• What to work on: Without copying any picture, transcribe exactly the lines of the data below from the one containing "ella rosa spring" through the one containing "Justified Image Grid".

• Data to use:
· · · ·

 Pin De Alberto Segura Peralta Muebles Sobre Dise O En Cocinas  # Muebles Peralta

· · · ·

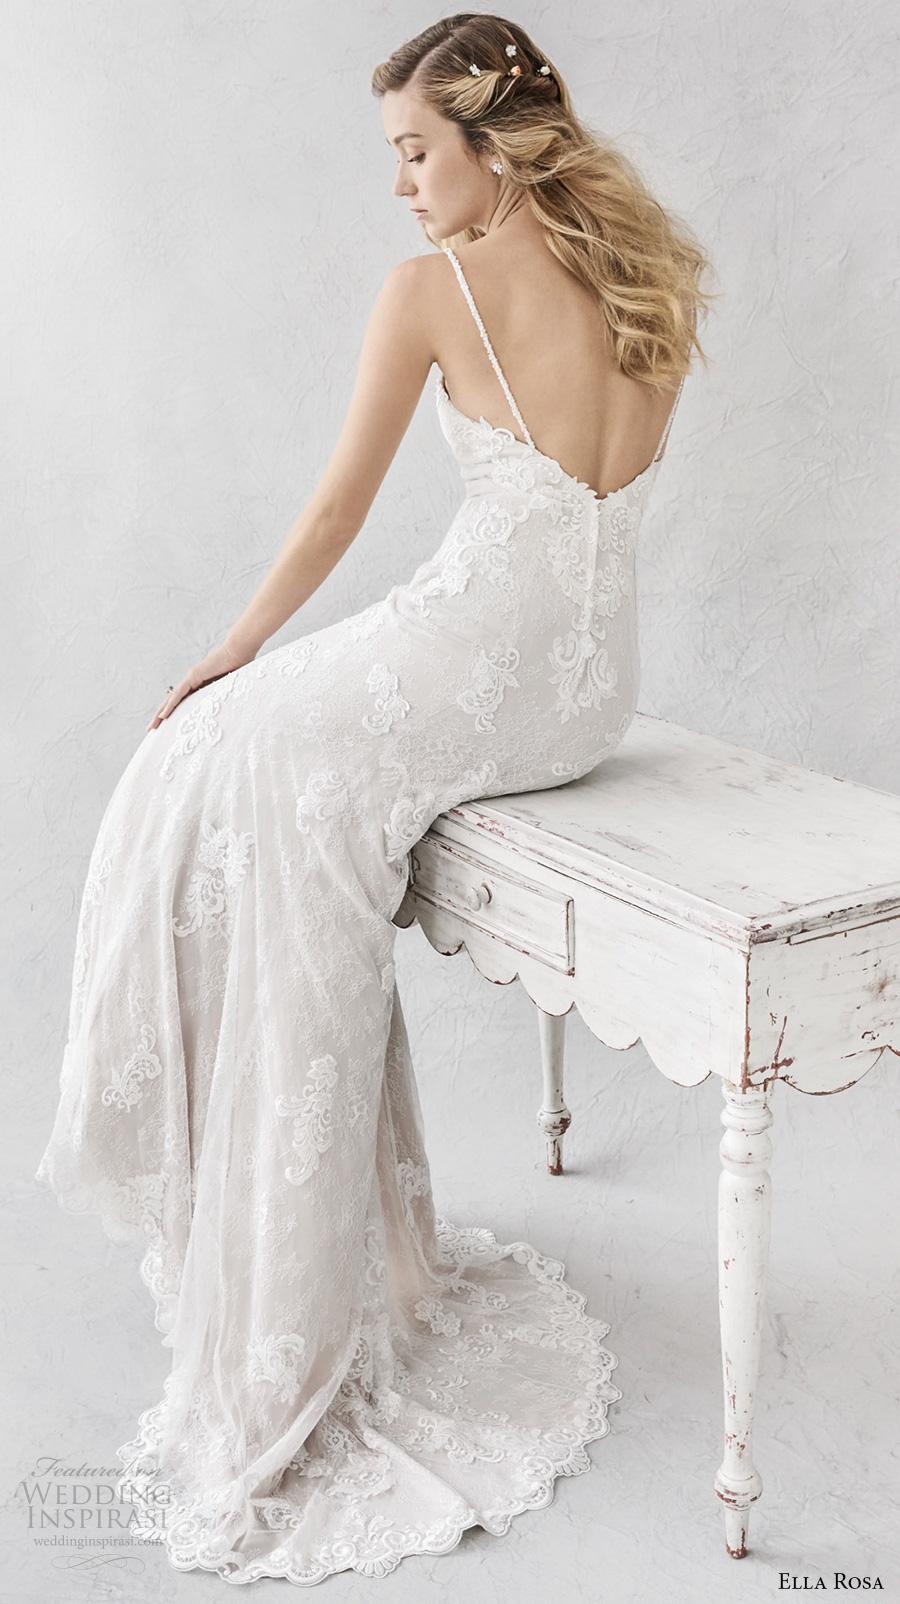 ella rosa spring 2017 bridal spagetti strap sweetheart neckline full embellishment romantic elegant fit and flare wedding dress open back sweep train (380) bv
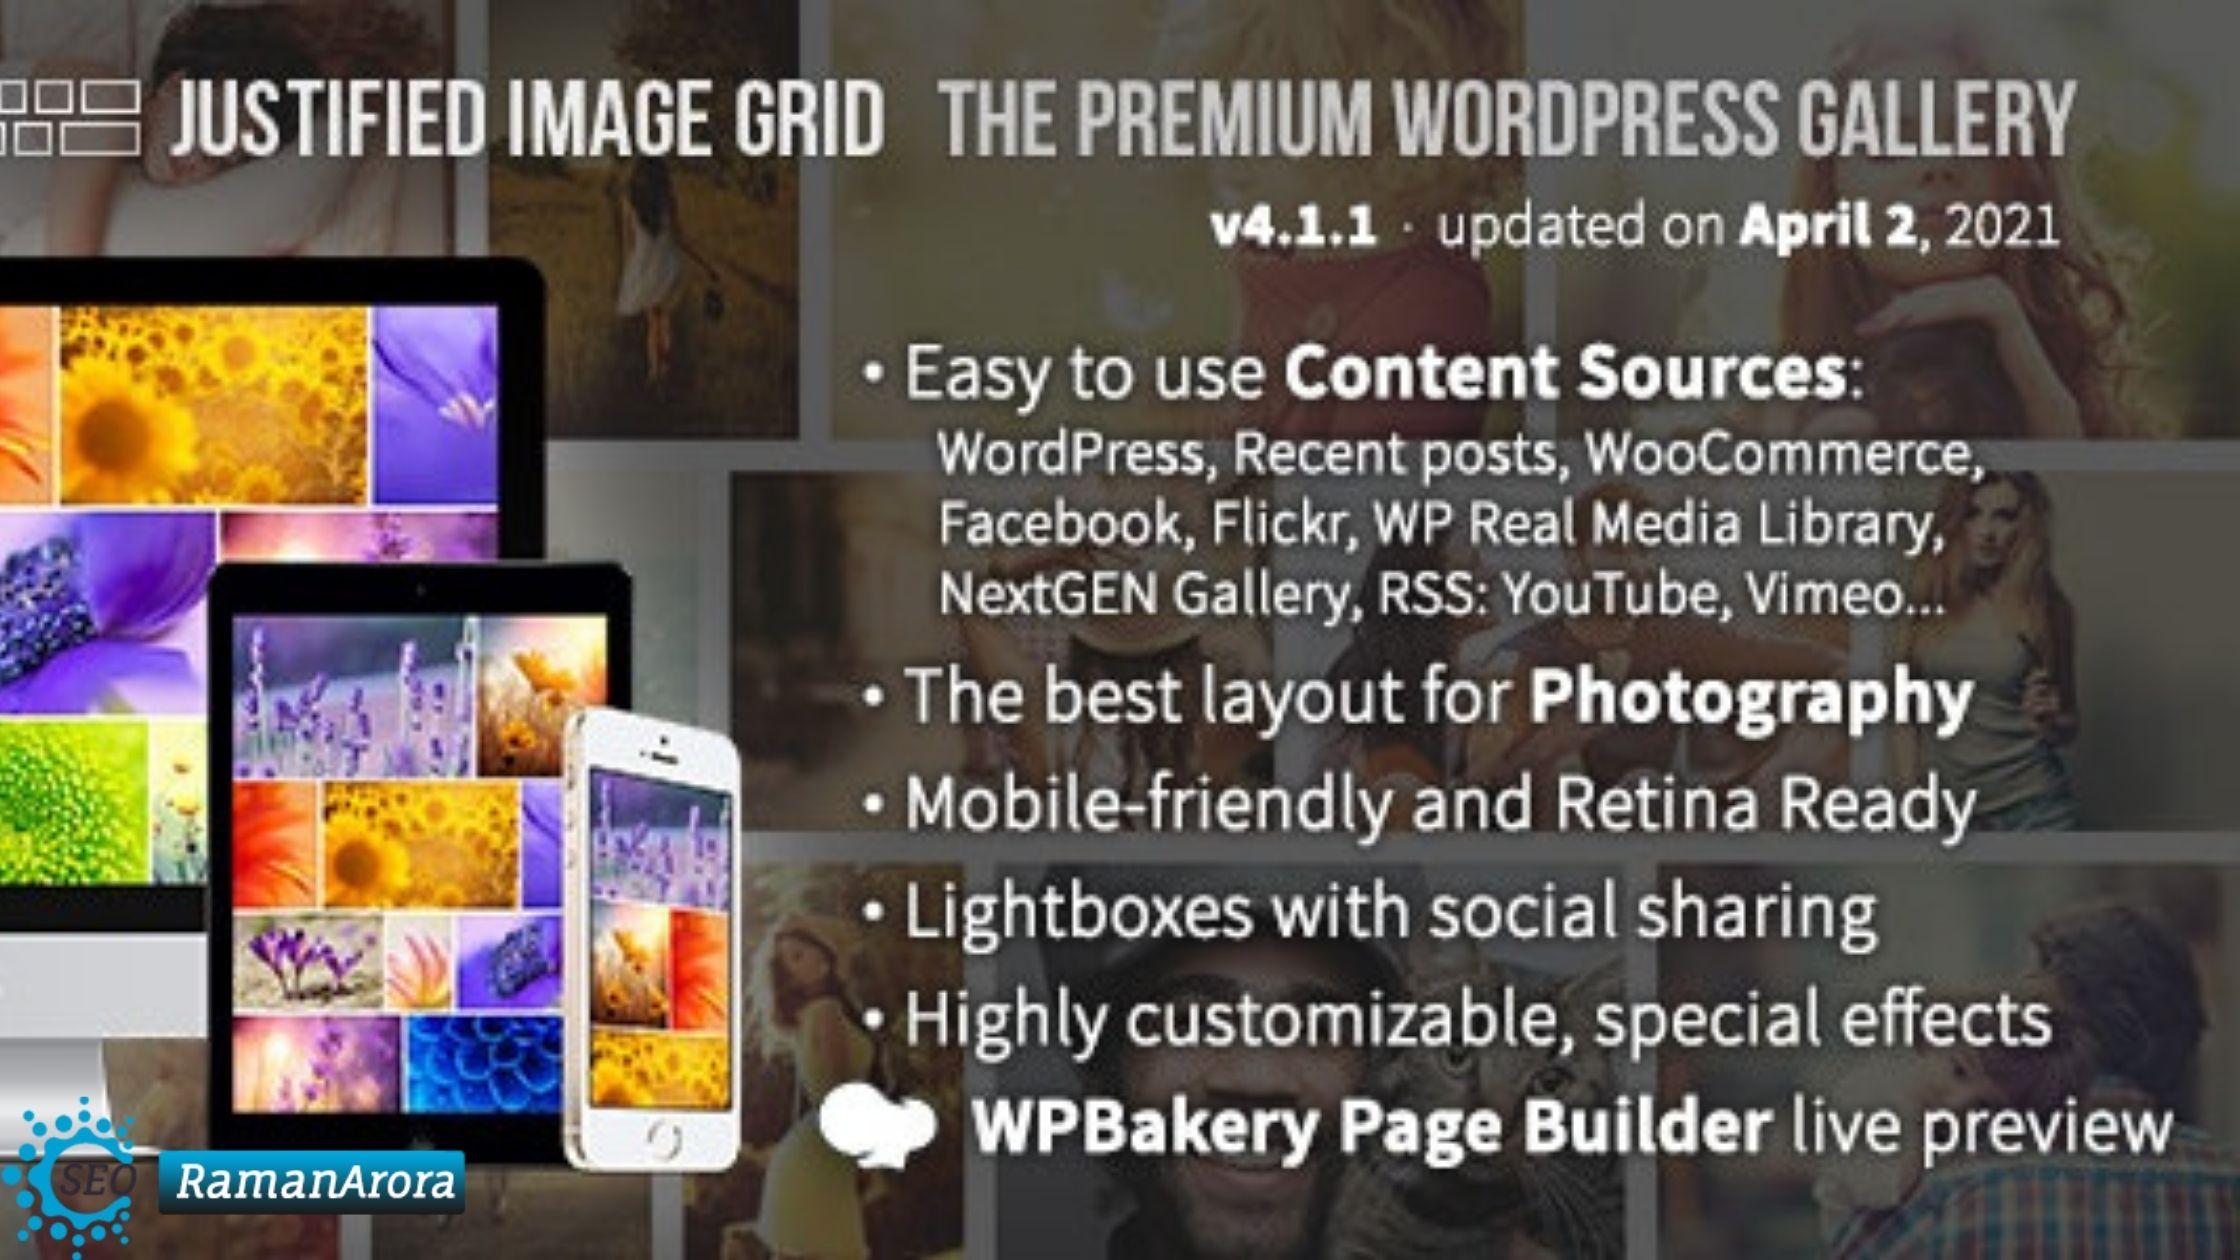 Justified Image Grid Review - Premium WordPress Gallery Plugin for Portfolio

· · · ·

• Completed task:
 ella rosa spring 2017 bridal spagetti strap sweetheart neckline full embellishment romantic elegant fit and flare wedding dress open back sweep train (380) bv
 Justified Image Grid Review - Premium WordPress Gallery Plugin for Portfolio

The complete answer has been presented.